Of course, Jamestown’s 400th was widely publicized, thanks to a
number of new books and exhibitions, and regal visits from
President Bush and Queen Elizabeth. But this is also the 500th
anniversary of the Waldseemüller map, the first document to use the
word “America,” planted squarely over Brazil
[click here for the interactive map feature in this issue].
Coming up quickly are the 400th anniversaries of two communities that are just
as American as Jamestown, but couldn’t be more
different – Quebec (founded in 1608 by Samuel de Champlain) and
Santa Fe (settled circa 1608 by Juan Martinez de Montoya).

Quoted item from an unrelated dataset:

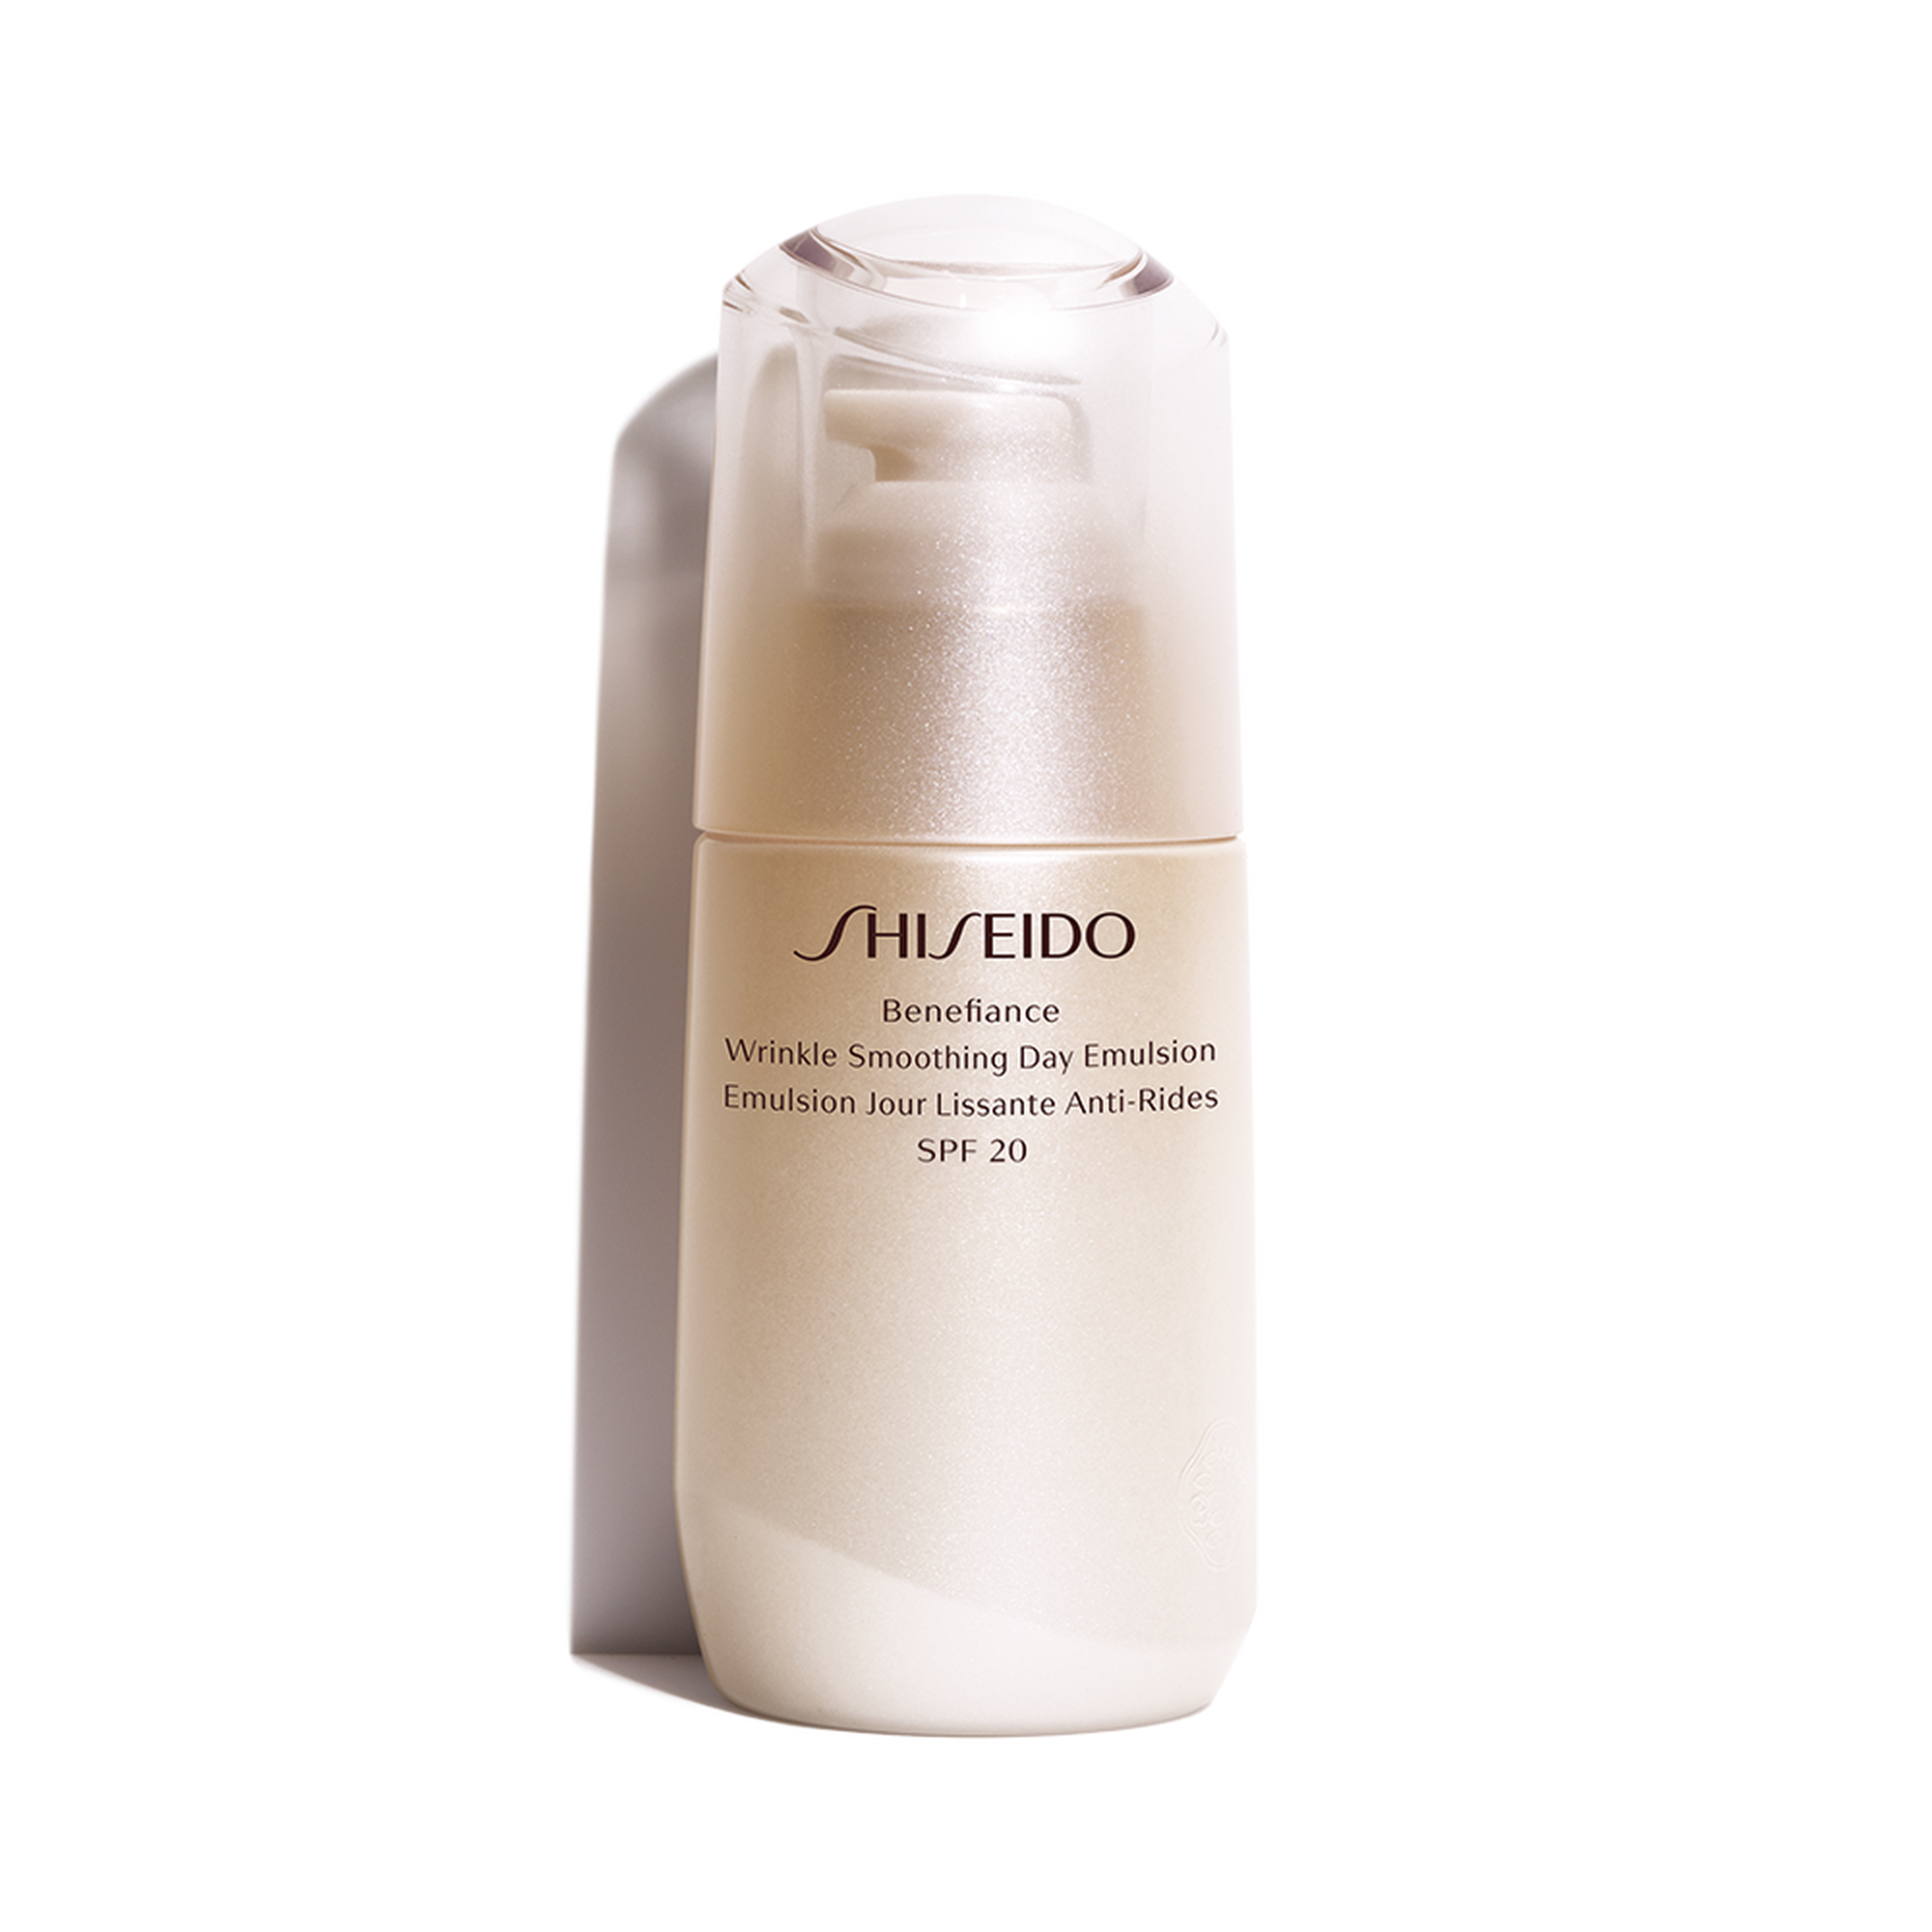 Shiseido Benefiance Wrinkle Smoothing Day Emulsion

If these historical rhymes create a temporary surge of excitement, they
also present a conundrum for the teacher of American history. How exactly
does an outlier like Champlain fit into our discipline, with its neatly
marked temporal and geographical boundaries? If the class
in question is U.S. history, then Champlain instantly becomes
marginal. How many brave instructors are teaching a full
continental and hemispheric perspective? The answer, one suspects,
is very small. There are a scattering of courses, at the university
level, on “The Atlantic World,” but that term is a bit of a
misnomer when applied to places like Peru or Puget Sound. The
first English settlers of North America were intensely aware of
their French and Spanish neighbors – yet we seem barely to be.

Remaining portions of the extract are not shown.